Intervention de Éliane Assassi

Réunion du 17 avril 2015 à 9h30
Croissance activité et égalité des chances économiques — Article 35 bis

Photo de Éliane AssassiÉliane Assassi :

Cet article prévoit un intéressant outil législatif qui appelle plusieurs réflexions et montre, s’il en était besoin, les limites de la triangulation dont nous avons évoqué la teneur.

Cet article modifiant quelques éléments du code général des impôts a été introduit dans le texte par un amendement déposé par deux rapporteurs de la commission spéciale de l'Assemblée nationale. Je ne nourris strictement aucune animosité personnelle à l’encontre de ces deux éminents parlementaires, mais il me semble que, du côté de Châteaulin, de Carhaix-Plouguer, de Forcalquier ou de Seyne, les préoccupations immédiates de la population, en matière fiscale, sont assez éloignées de l’amélioration des dispositifs Madelin et ISF-PME prévue par cet article.

Les salariés de Doux ou de Gad, ceux d’Arkéma et de Sanofi Sisteron seront satisfaits de constater que leurs députés ont ainsi « sanctuarisé » deux niches fiscales qui ne profitent qu’à quelques dizaines de milliers de contribuables « initiés ». Voilà qui ne change pas grand-chose à leur quotidien, fait de licenciements collectifs pour les uns et d’incertitudes du lendemain pour les autres !

Cet article 35 bis rompt avec la règle posée depuis quelque temps dans le débat parlementaire, à savoir que les dispositions modifiant le droit fiscal ne pouvaient trouver place que dans une loi de finances. Or c’est bien de cela qu’il s’agit.

Il est donc étonnant, mes chers collègues, que, peu de jours après l’annonce d’une relative amélioration des comptes publics, avec des déficits ramenés à 4 % du PIB, le Gouvernement nous invite, une fois encore, avec cet article et quelques autres articles de l’« archipel » des mesures de ce titre II, à creuser quelques trous supplémentaires dans les caisses de l’État et de la sécurité sociale, sans garantie de la parfaite efficacité des mesures concernées. À quoi sert en effet l’ISF-PME dans un pays qui a connu, sous le quinquennat précédent, une croissance moyenne d’un dixième de point de PIB ?

Quant au dispositif Madelin, il a certes permis de financer la création d’un certain nombre d’entreprises, ce dont nous pouvons sans doute nous féliciter.
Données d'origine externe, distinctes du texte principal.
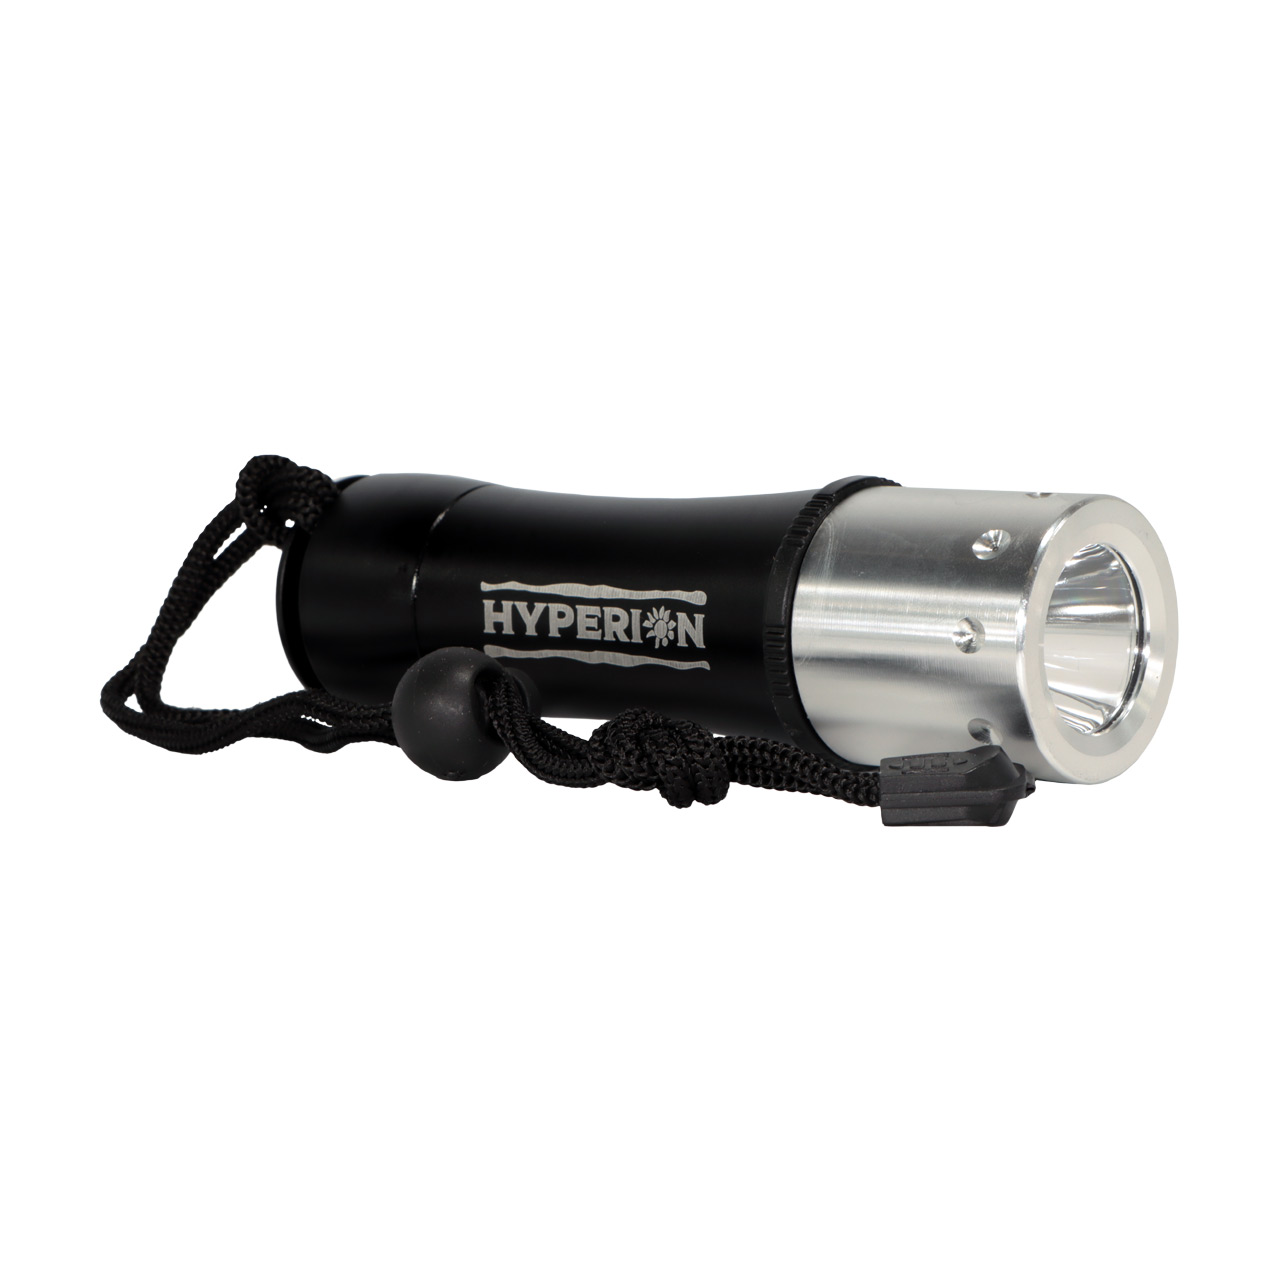 HYPERION FL600 Torch with Battery & Charger

Il se trouve cependant, de manière plutôt paradoxale, que la France n’a jamais compté, en temps de paix, autant de chômeurs que depuis qu’elle a un nombre record d’entreprises enregistrées dans les greffes de tribunaux de commerce ! Nous avons même l’impression que plus le nombre de créations d’entreprise est élevé, plus le nombre des personnes privées d’emploi progresse lui aussi !

Je ne vous infligerai pas l’exposé des chiffres qui le démontrent. Je me contenterai de préciser que l’ensemble des dispositifs Madelin et assimilés représente une déperdition de 161 millions d’euros pour les finances publiques, pour moins de 2 milliards d’euros d’engagements financiers. En d’autres termes, une bonne partie des versements ont excédé les plafonds et seront donc défiscalisés les années suivantes.

À ce stade de la discussion, rappelons que le livret A et le livret de développement durable centralisaient, à la fin de l’année 2013, 365 milliards d’euros de ressources disponibles pour une dépense fiscale associée de 650 millions d’euros.

Aussi avons-nous bien l’impression que, en termes d’effet levier, il serait sans doute plus pertinent, plutôt que de renforcer les dispositifs Madelin et ISF-PME, de mettre en œuvre le relèvement du plafond des deux livrets défiscalisés.